GOAL OF THE EXERCISE —
Repeat the data below in full. Pictures must not be part of the copy.

MATERIAL PROVIDED —
== == ==

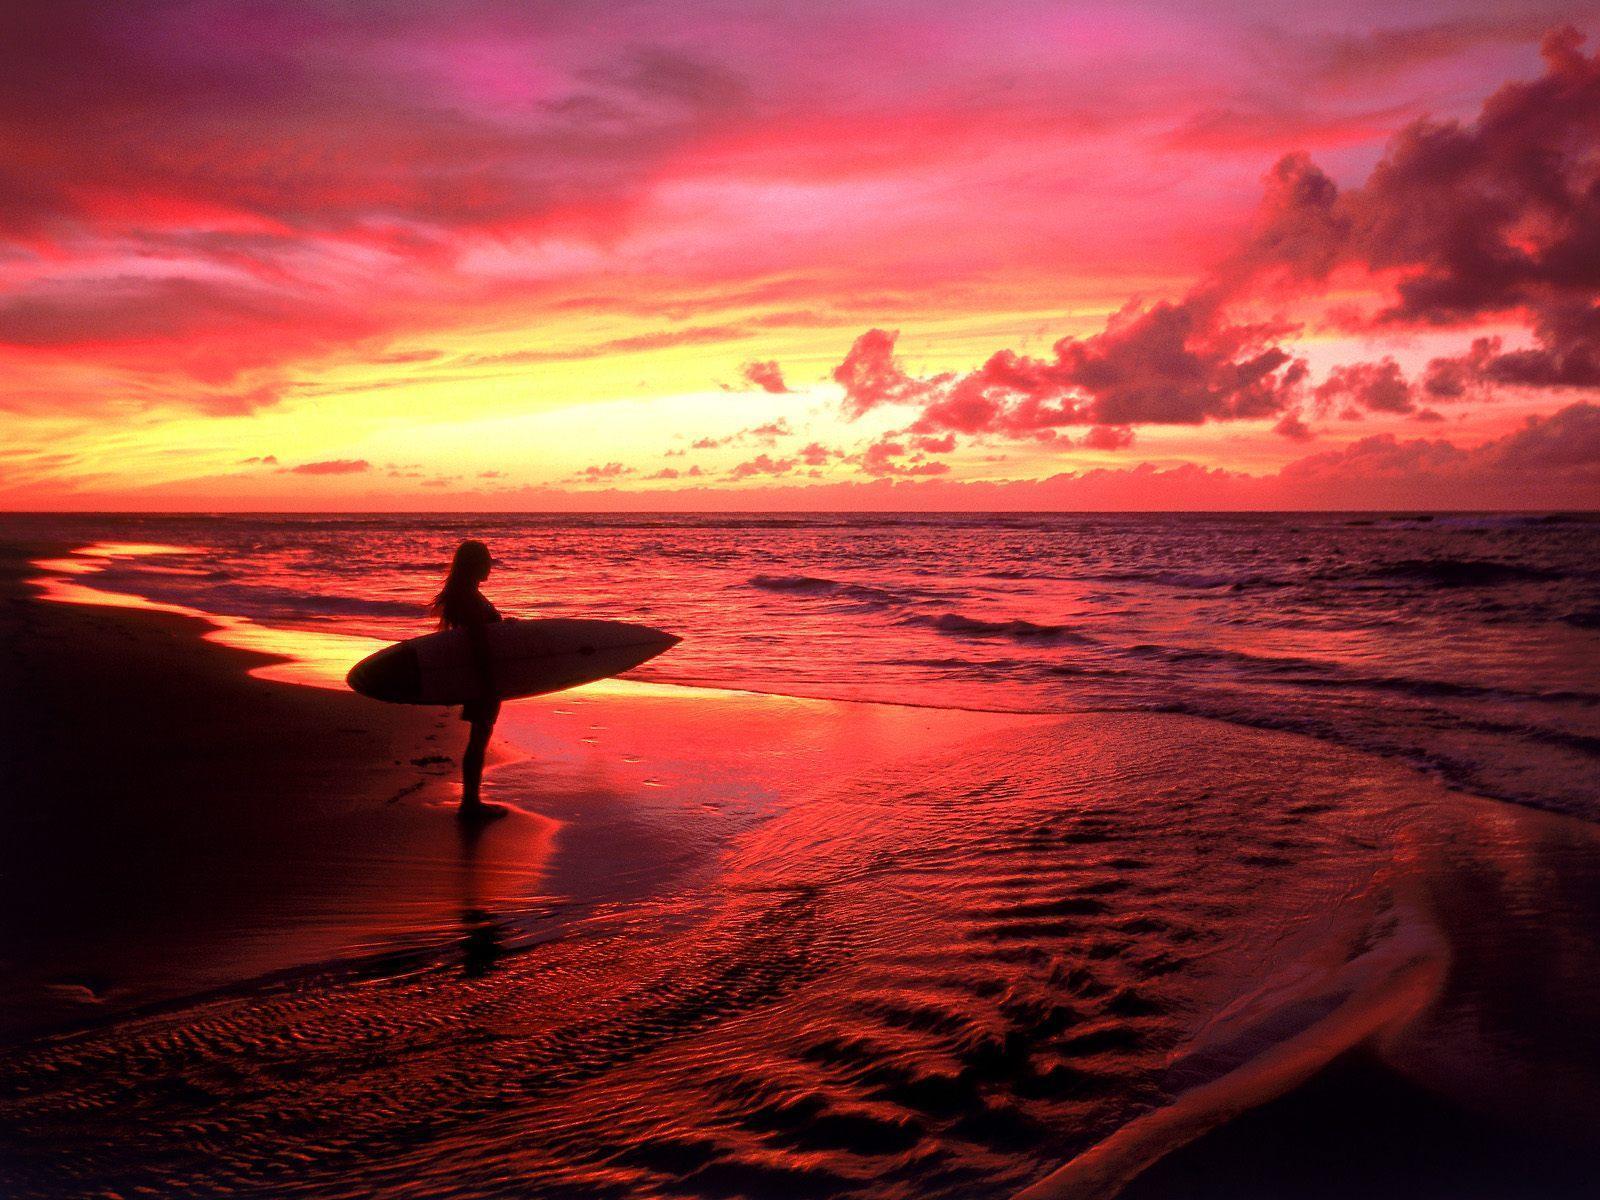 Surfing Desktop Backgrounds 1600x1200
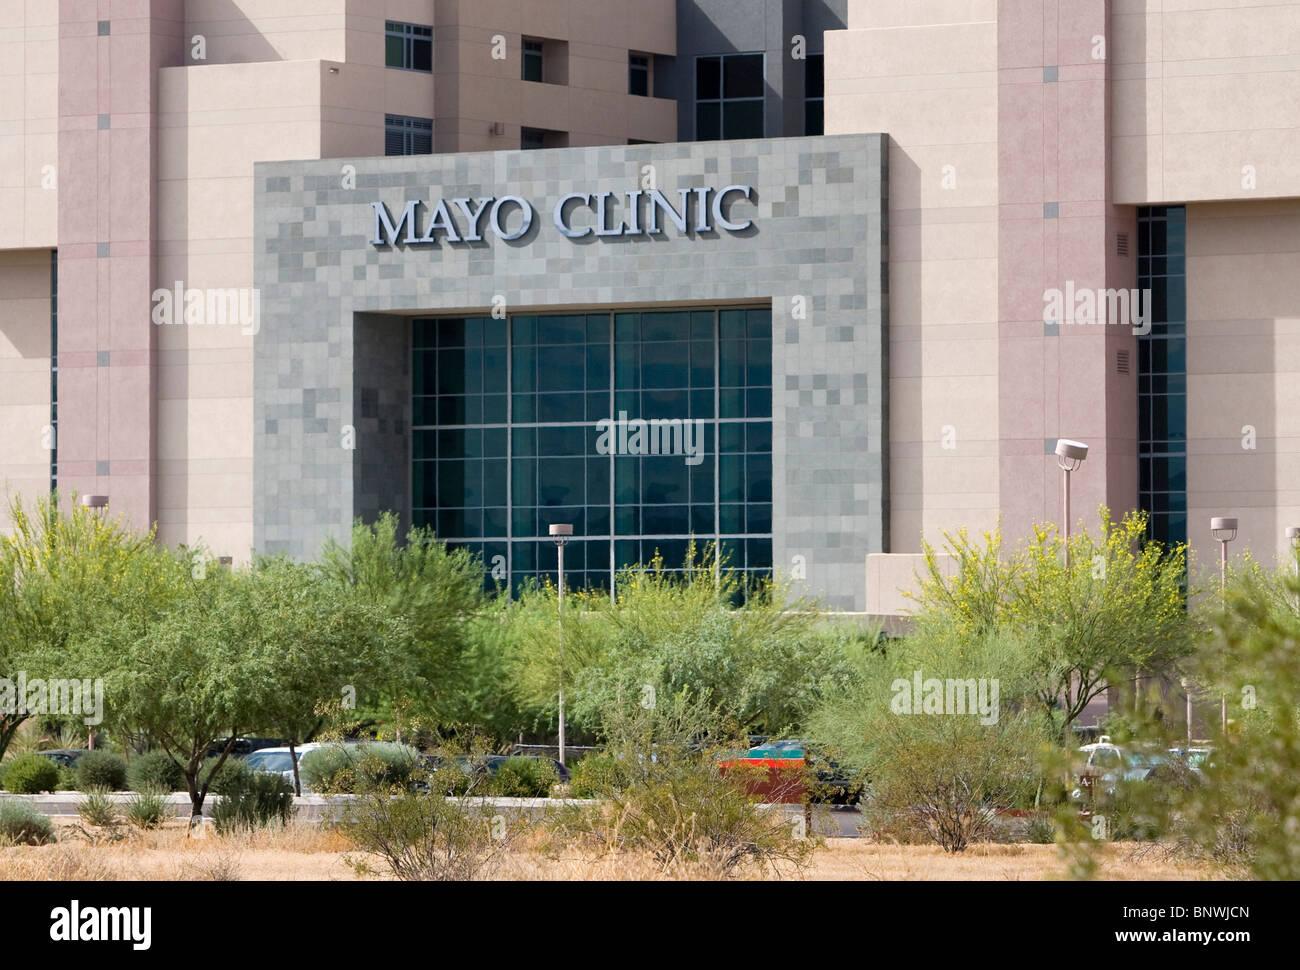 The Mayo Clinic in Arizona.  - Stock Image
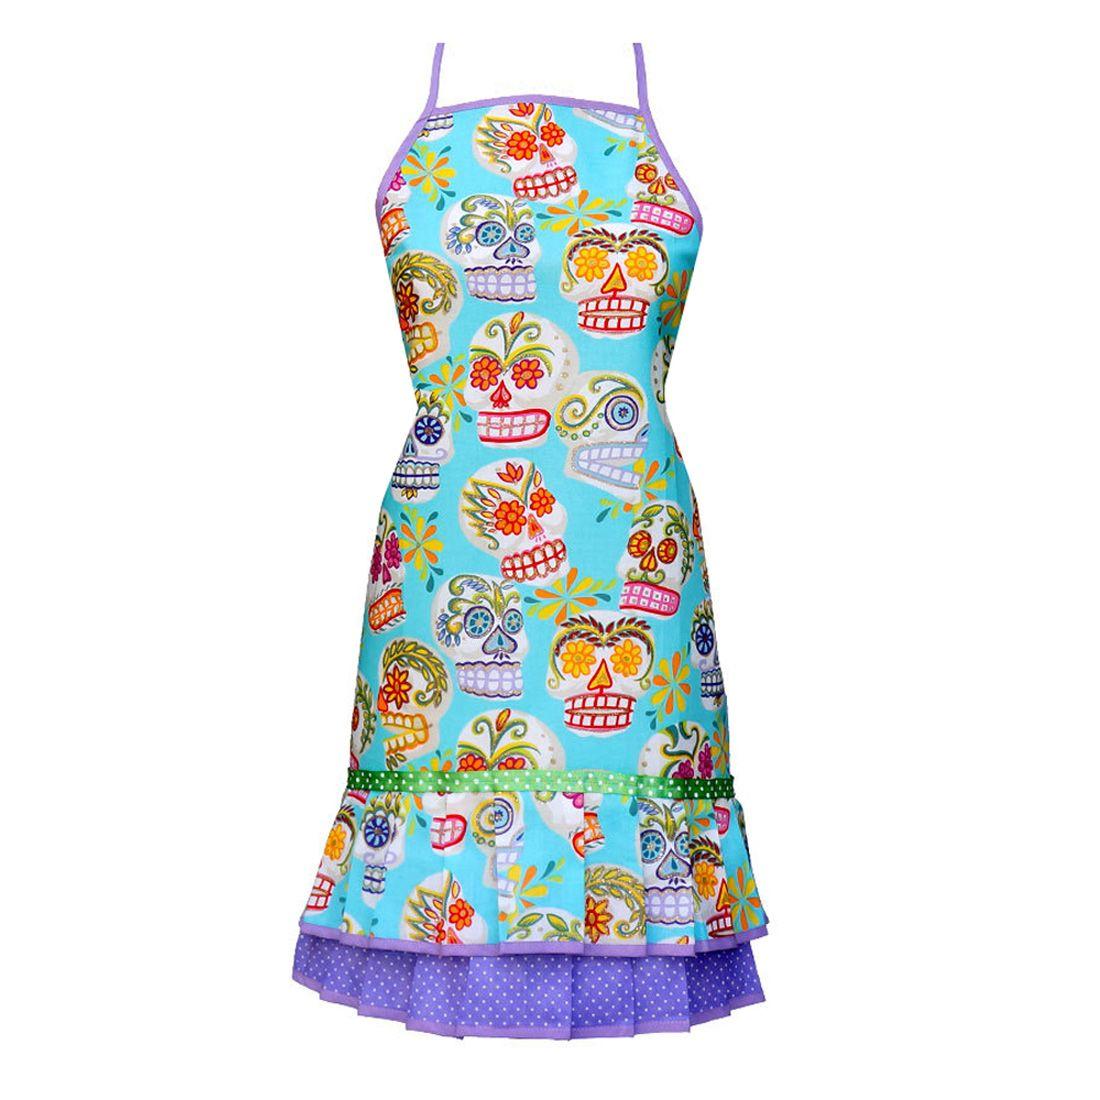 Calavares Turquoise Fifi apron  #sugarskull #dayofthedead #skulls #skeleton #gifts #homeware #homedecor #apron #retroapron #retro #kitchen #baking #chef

== == ==

YOUR RESPONSE —
 Surfing Desktop Backgrounds 1600x1200
 The Mayo Clinic in Arizona.  - Stock Image
 Calavares Turquoise Fifi apron  #sugarskull #dayofthedead #skulls #skeleton #gifts #homeware #homedecor #apron #retroapron #retro #kitchen #baking #chef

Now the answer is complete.